Op het musterstation hebben we een crewlist die we zullen nakijken. We hebben
op alle musterstations ook communicatie toestellen die ervoor zullen zorgen dat
de officier op het musterstation kan communiceren met de brug. Hieronder staan
twee manieren hoe we een musterstation kunnen markeren.
Voorschrift 7
7.1.1. Dit stukje gaat over reddingsboeien. De reddingsboeien moeten altijd
bereikbaar zijn over heel het schip voor in het geval dat de boei snel gebruikt
moet worden, er zal ook altijd de thuishaven en de naam van het schip op staan,
in de meeste gevallen ook het IMO nummer. Zowel aan de bakboord als
stuurboordkant moeten de boeien snel en gemakkelijk bereikbaar zijn. In geen 1
geval mag de boei permanent vast zitten aan het schip. De boei moet altijd los
zijn en klaar zijn voor gebruik. Het pictogram is foto 1.

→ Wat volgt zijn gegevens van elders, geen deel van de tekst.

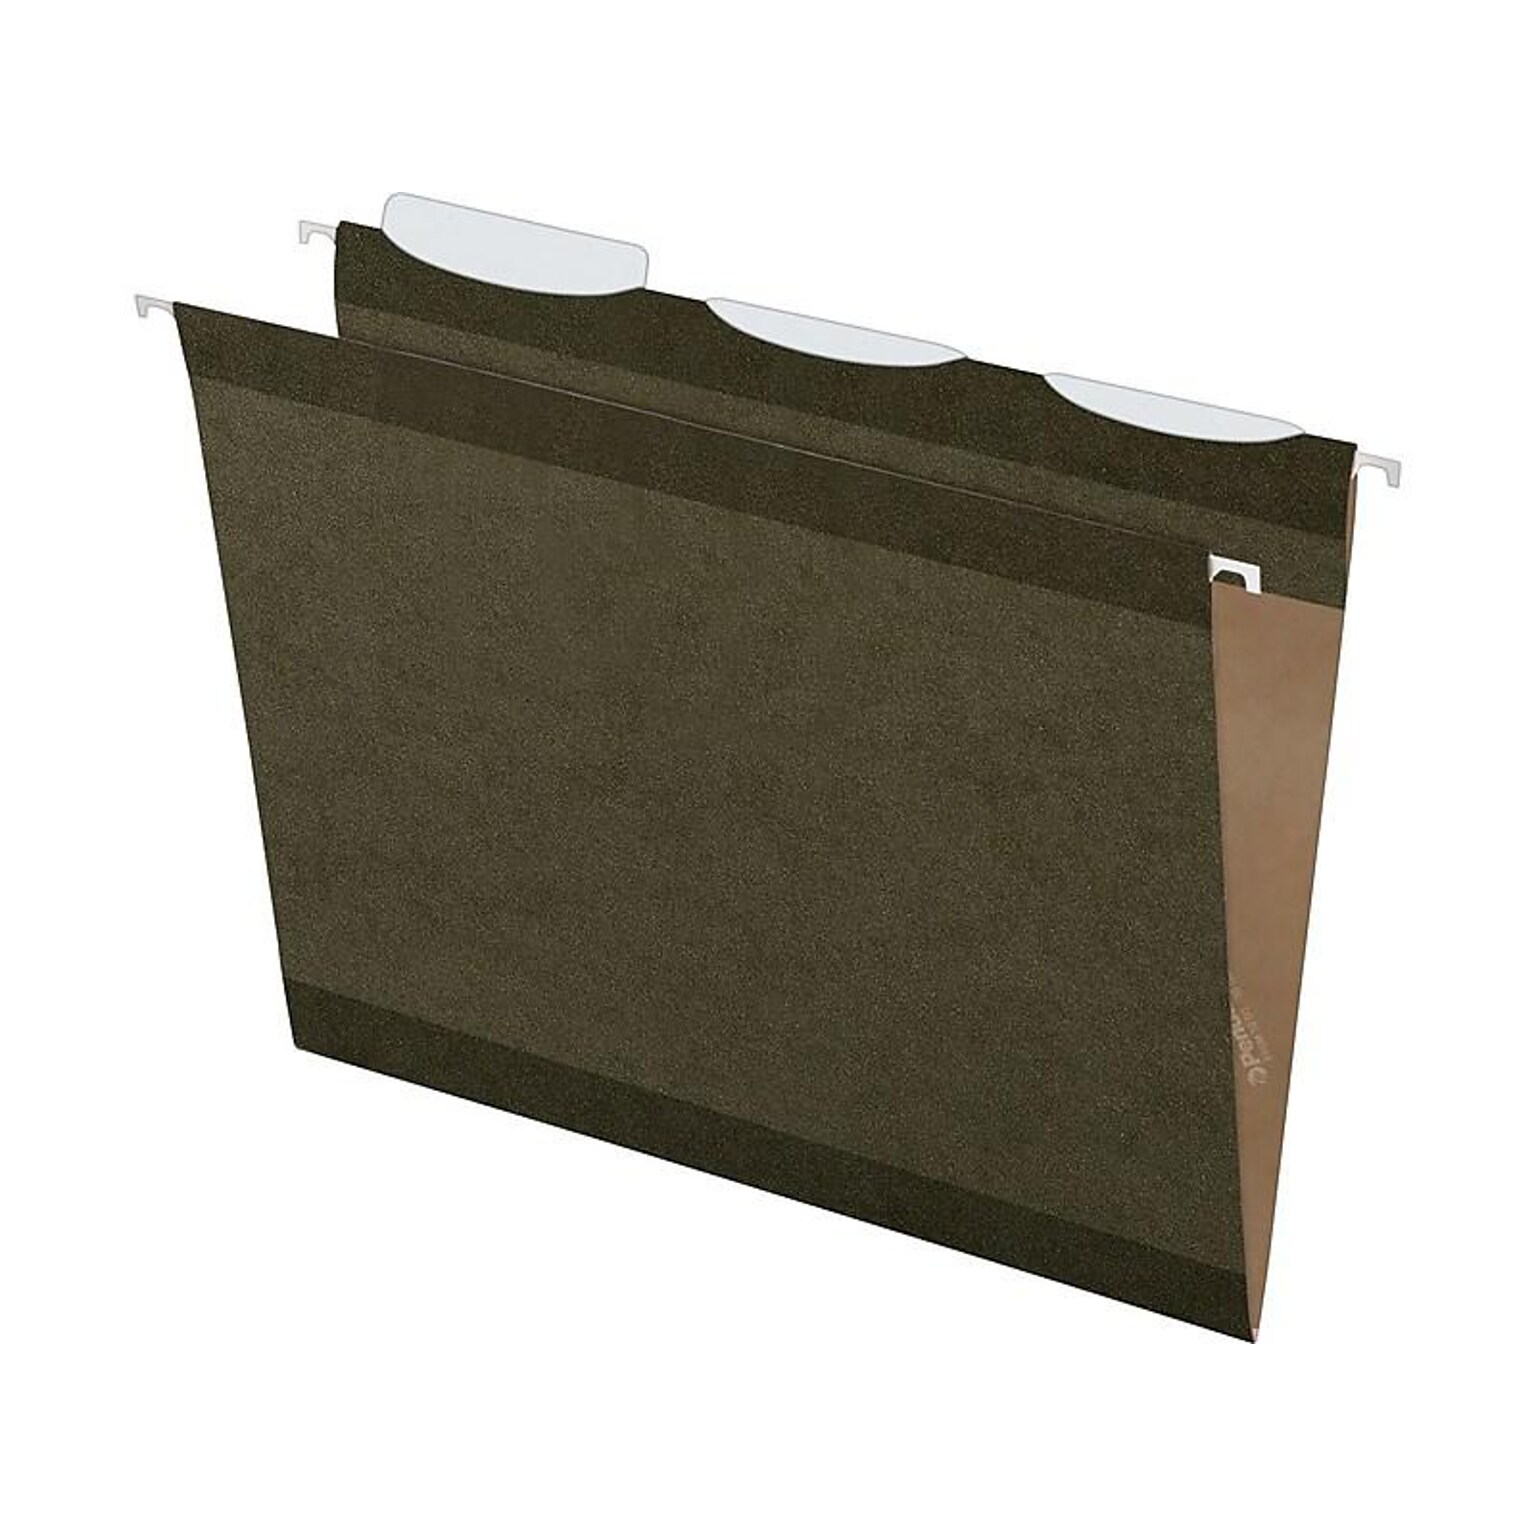 Pendaflex Ready-Tab Reinforced Hanging File Folders, 3-Tab, Letter Size, Standard Green, 25/Box (PFX 42620)
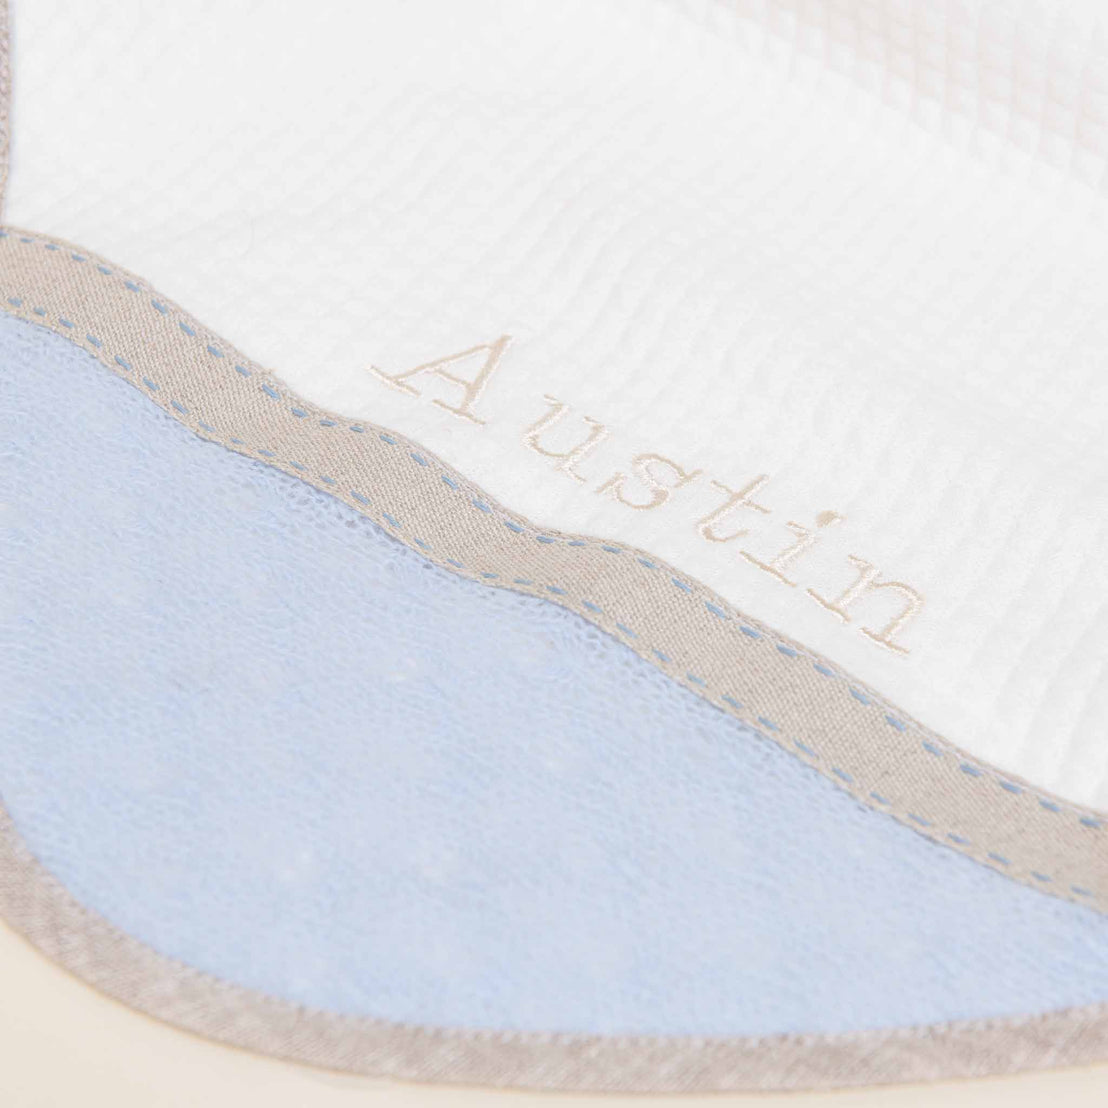 Austin Newborn Gift Set - Save 10%

Aan elke kant van het schip moet minstens 1 boei een touw hebben dat vast zit
aan het schip. Deze lijn moet 2 keer de hoogte zijn van waar het wordt gegooid
tot aan de waterlijn. Het meest geadviseerde is 30 m. Het pictogram is foto 2.
Van het totaal van alle reddingsboeien moet minstens de helft worden uitgerust
met een lichtje of een rooksignaal. Natuurlijk zal dit gelijk verdeeld worden als
voorbeeld: als we 8 reddingsboeien aan boord hebben dan zullen we er 4 aan
elke kant hebben, aan elke kant zal 1 van de 4 een lichtje hebben en 1 van de 4
een rookpot. De pictogrammen zijn foto 3 en 4.
1 2 3
4
(dit is de meest voorkomende vorm)
7.2. Wat reddingsvesten betreft moeten we er genoeg aan boord hebben voor
iedereen. Dit wil zeggen in elke kajuit en op alle plaatsen waar mensen werken
(full time). Deze ruimtes zijn vooral de ruimtes waar altijd iemand aanwezig is.
De locatie van de reddingsvesten moet altijd goed bereikbaar zijn en moet
worden gemarkeerd met een pictogram(afbeelding 1). Natuurlijk mogen er altijd
meer reddingsvesten zijn dan voorgeschreven.